_PROVIDED DATA_.
※ ※ ※

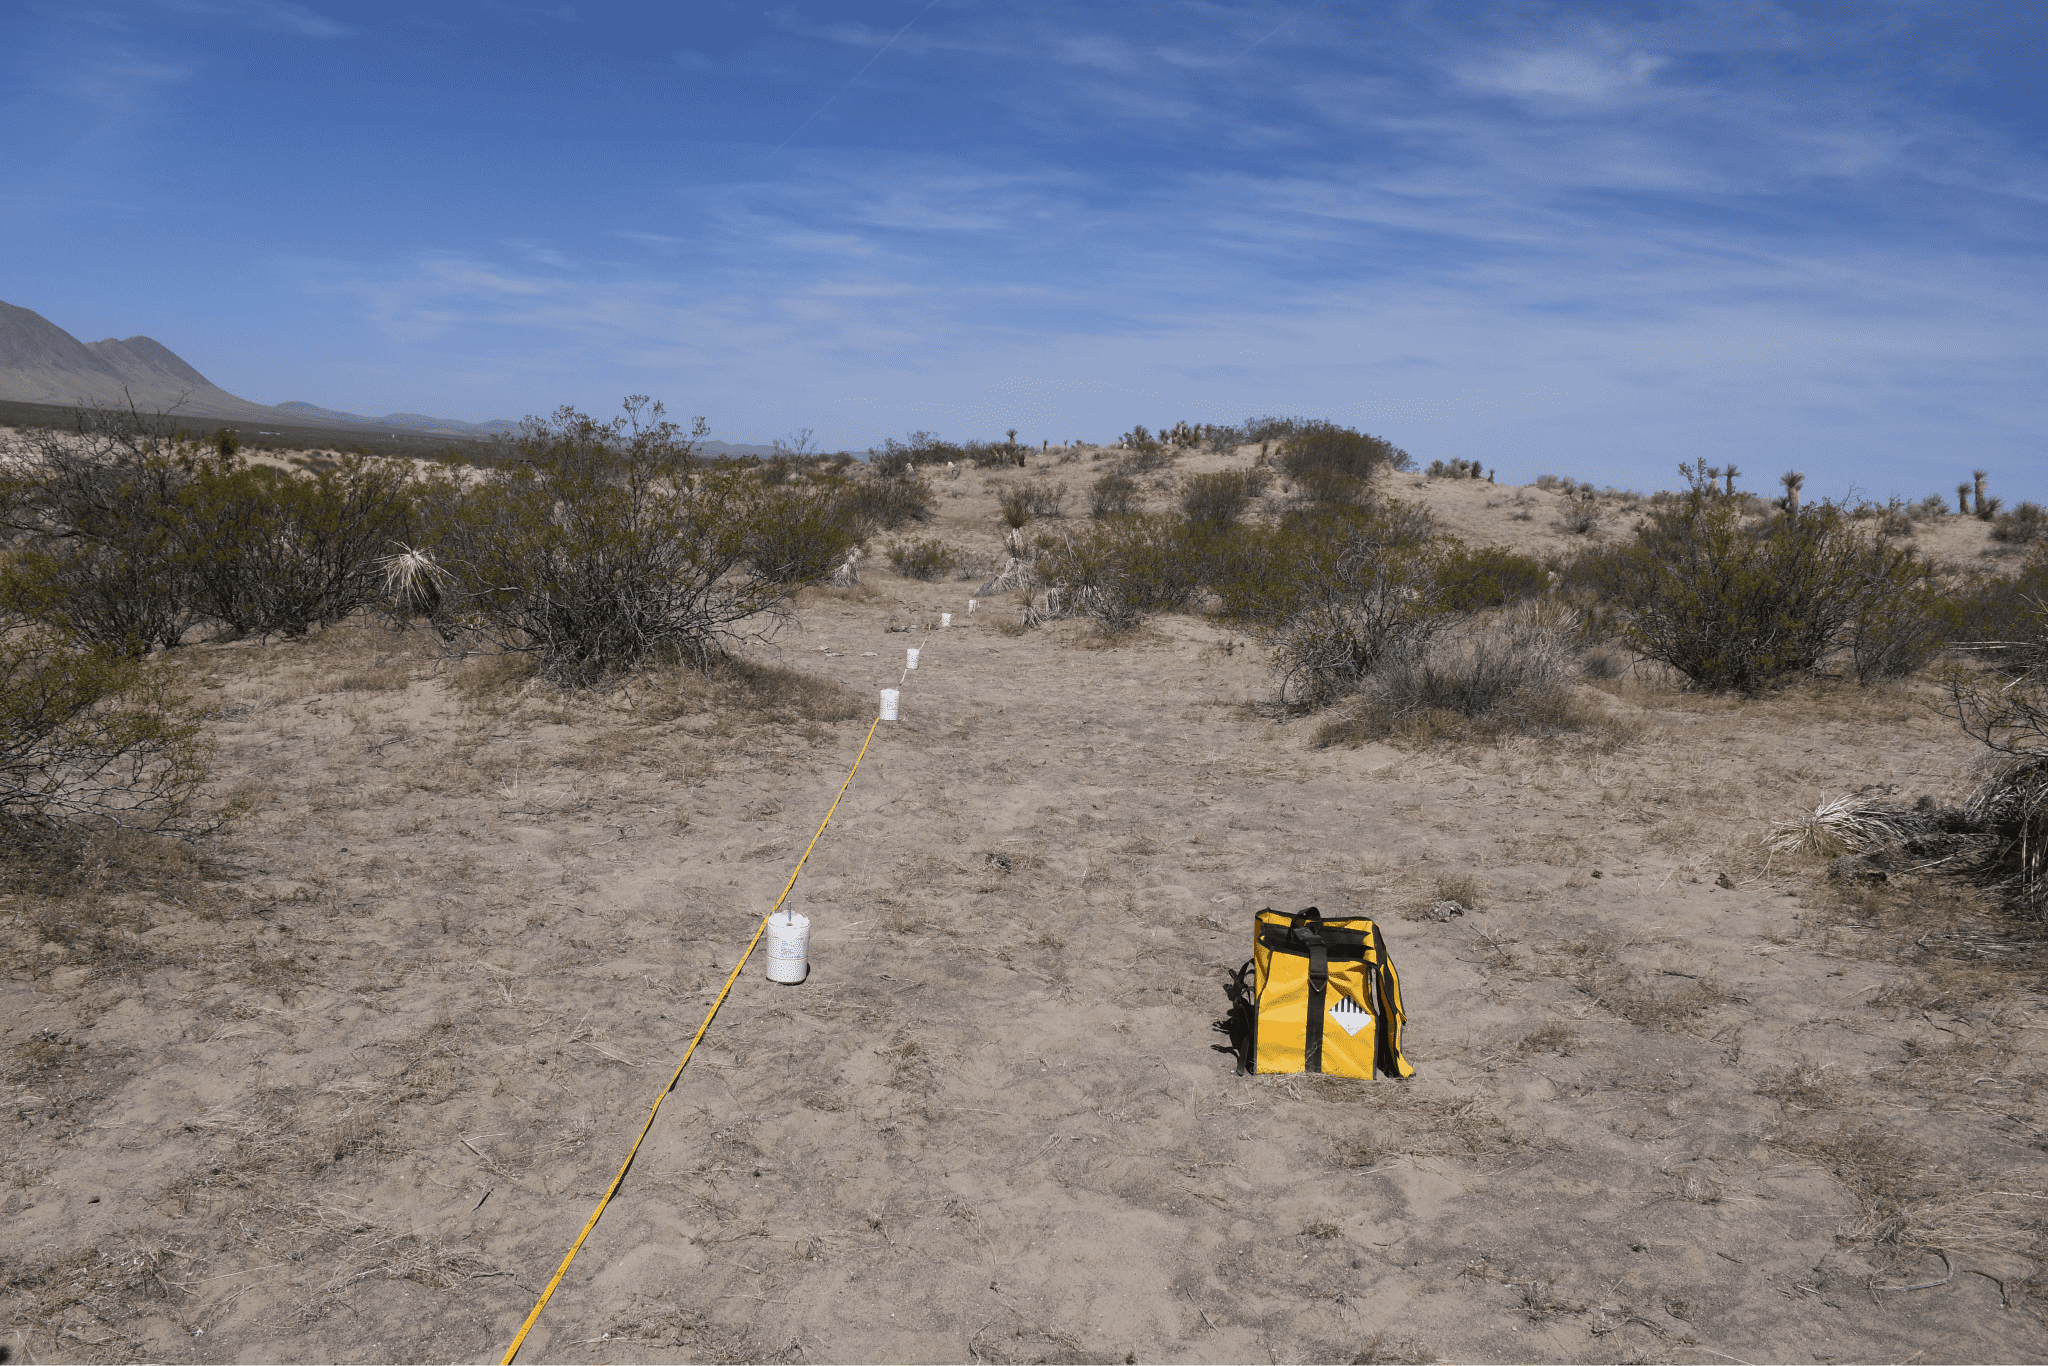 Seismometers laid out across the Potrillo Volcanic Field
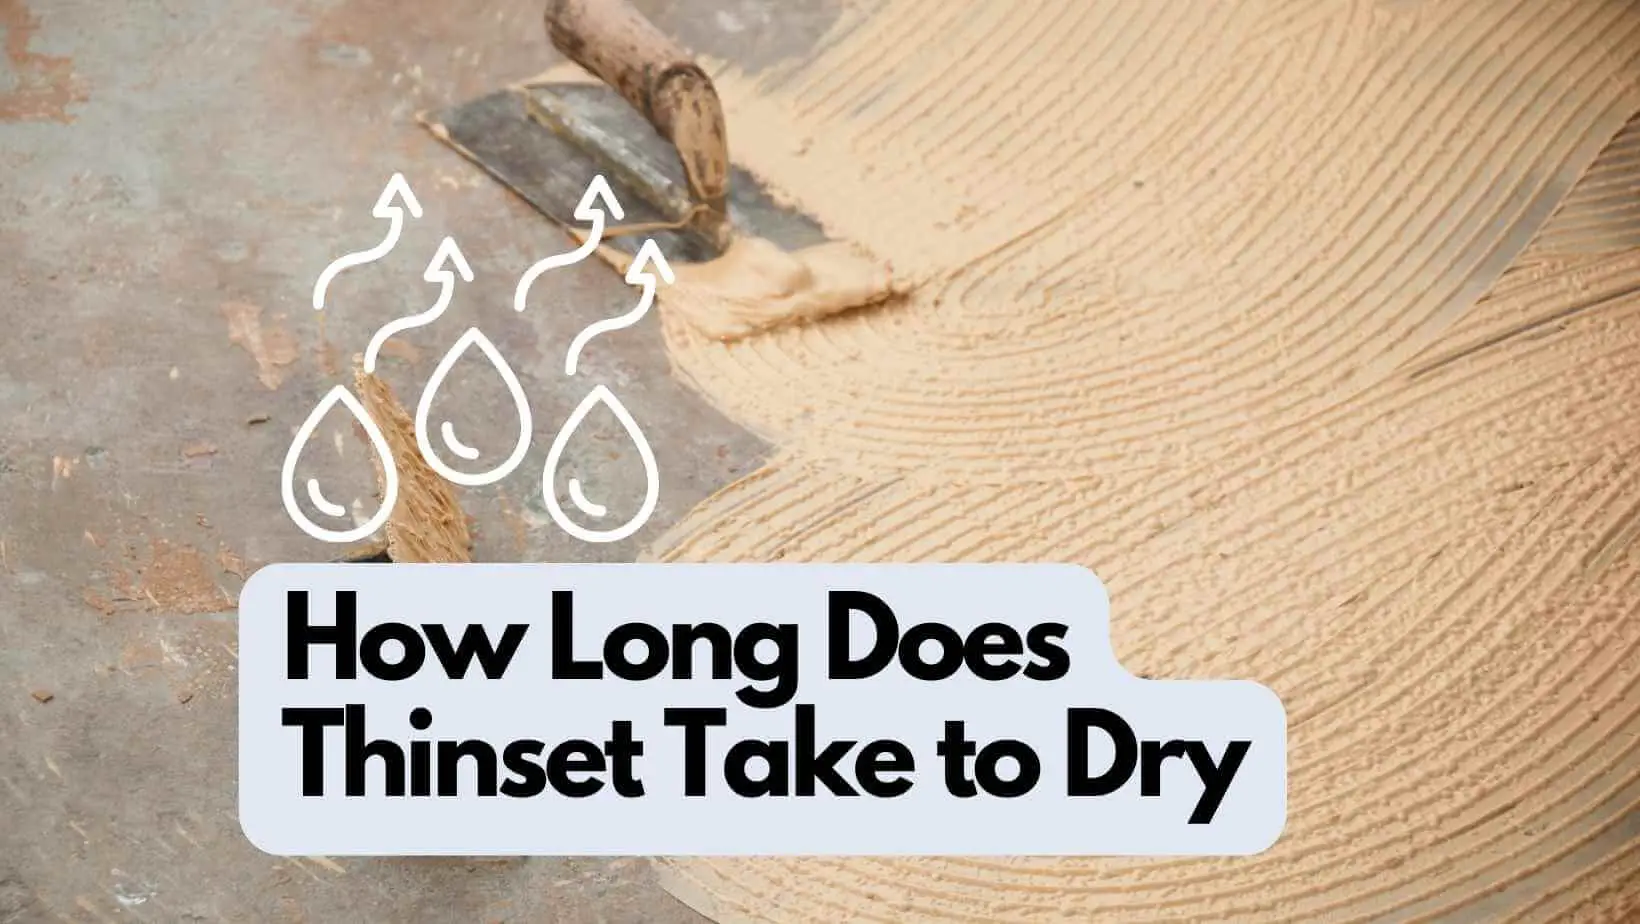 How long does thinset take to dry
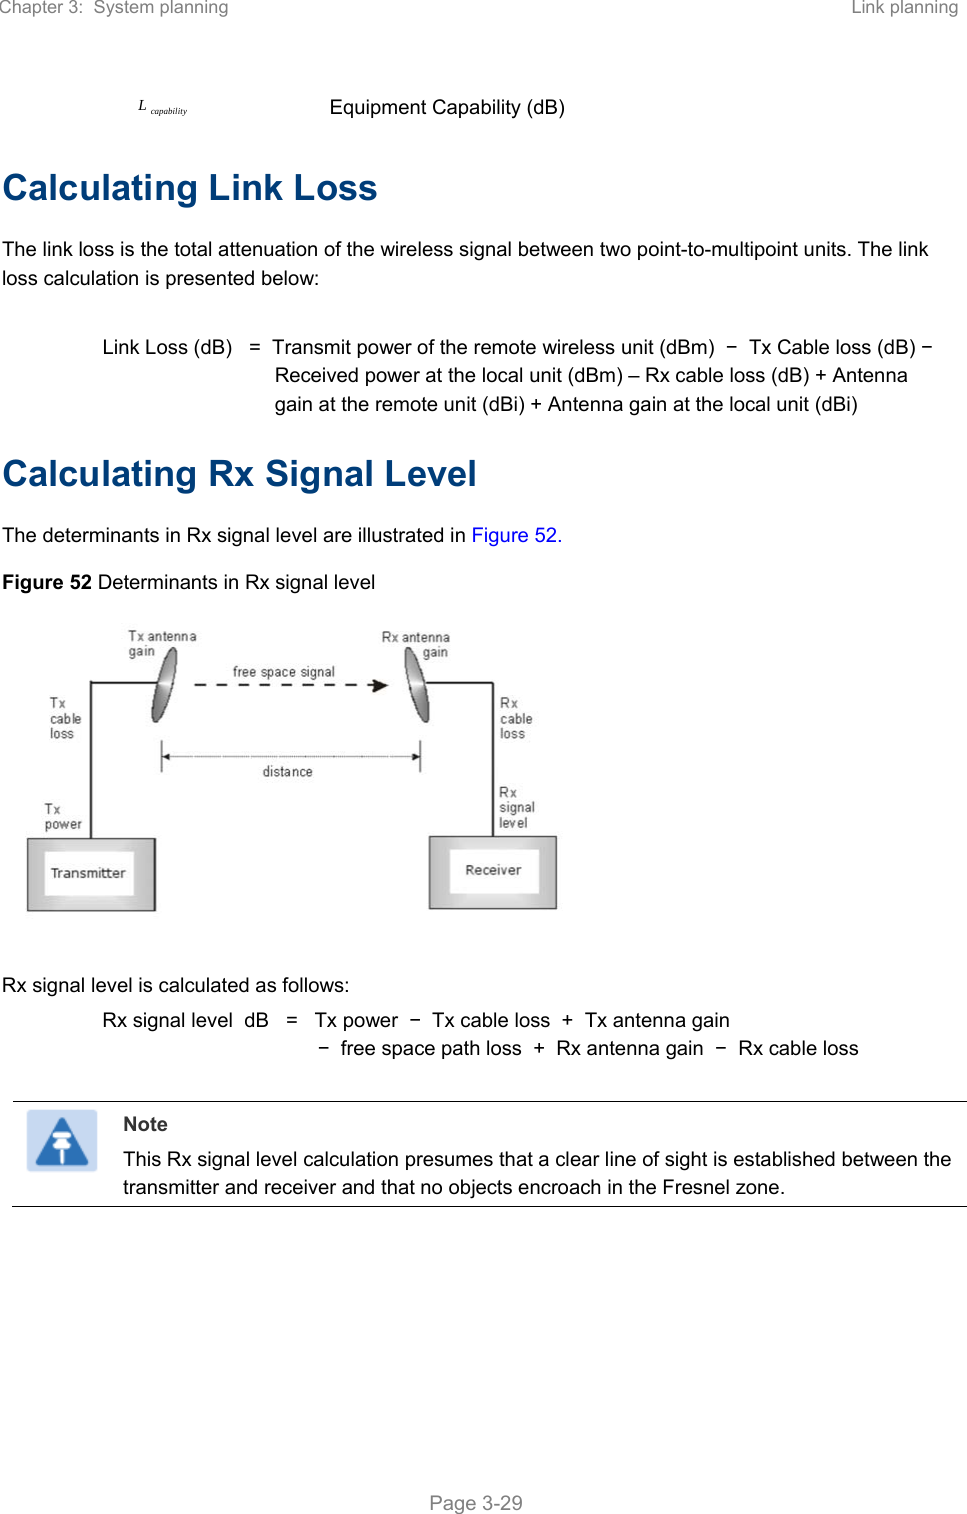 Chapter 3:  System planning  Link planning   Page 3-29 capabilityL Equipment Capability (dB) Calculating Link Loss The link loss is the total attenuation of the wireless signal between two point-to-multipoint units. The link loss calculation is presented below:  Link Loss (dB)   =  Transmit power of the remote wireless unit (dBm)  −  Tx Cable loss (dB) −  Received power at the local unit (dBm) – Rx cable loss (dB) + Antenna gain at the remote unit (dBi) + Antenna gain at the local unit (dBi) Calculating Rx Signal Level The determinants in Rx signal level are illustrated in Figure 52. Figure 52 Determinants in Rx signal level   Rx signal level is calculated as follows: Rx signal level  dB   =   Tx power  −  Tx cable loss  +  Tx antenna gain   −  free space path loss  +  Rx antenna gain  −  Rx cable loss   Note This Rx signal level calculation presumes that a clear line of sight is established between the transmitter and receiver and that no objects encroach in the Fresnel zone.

※ ※ ※

_TASK DIRECTIONS_.
The listing is to be repeated word for word, with all pictures omitted.

_TASK SOLUTION_.
 Seismometers laid out across the Potrillo Volcanic Field
 How long does thinset take to dry
 Chapter 3:  System planning  Link planning   Page 3-29 capabilityL Equipment Capability (dB) Calculating Link Loss The link loss is the total attenuation of the wireless signal between two point-to-multipoint units. The link loss calculation is presented below:  Link Loss (dB)   =  Transmit power of the remote wireless unit (dBm)  −  Tx Cable loss (dB) −  Received power at the local unit (dBm) – Rx cable loss (dB) + Antenna gain at the remote unit (dBi) + Antenna gain at the local unit (dBi) Calculating Rx Signal Level The determinants in Rx signal level are illustrated in Figure 52. Figure 52 Determinants in Rx signal level   Rx signal level is calculated as follows: Rx signal level  dB   =   Tx power  −  Tx cable loss  +  Tx antenna gain   −  free space path loss  +  Rx antenna gain  −  Rx cable loss   Note This Rx signal level calculation presumes that a clear line of sight is established between the transmitter and receiver and that no objects encroach in the Fresnel zone.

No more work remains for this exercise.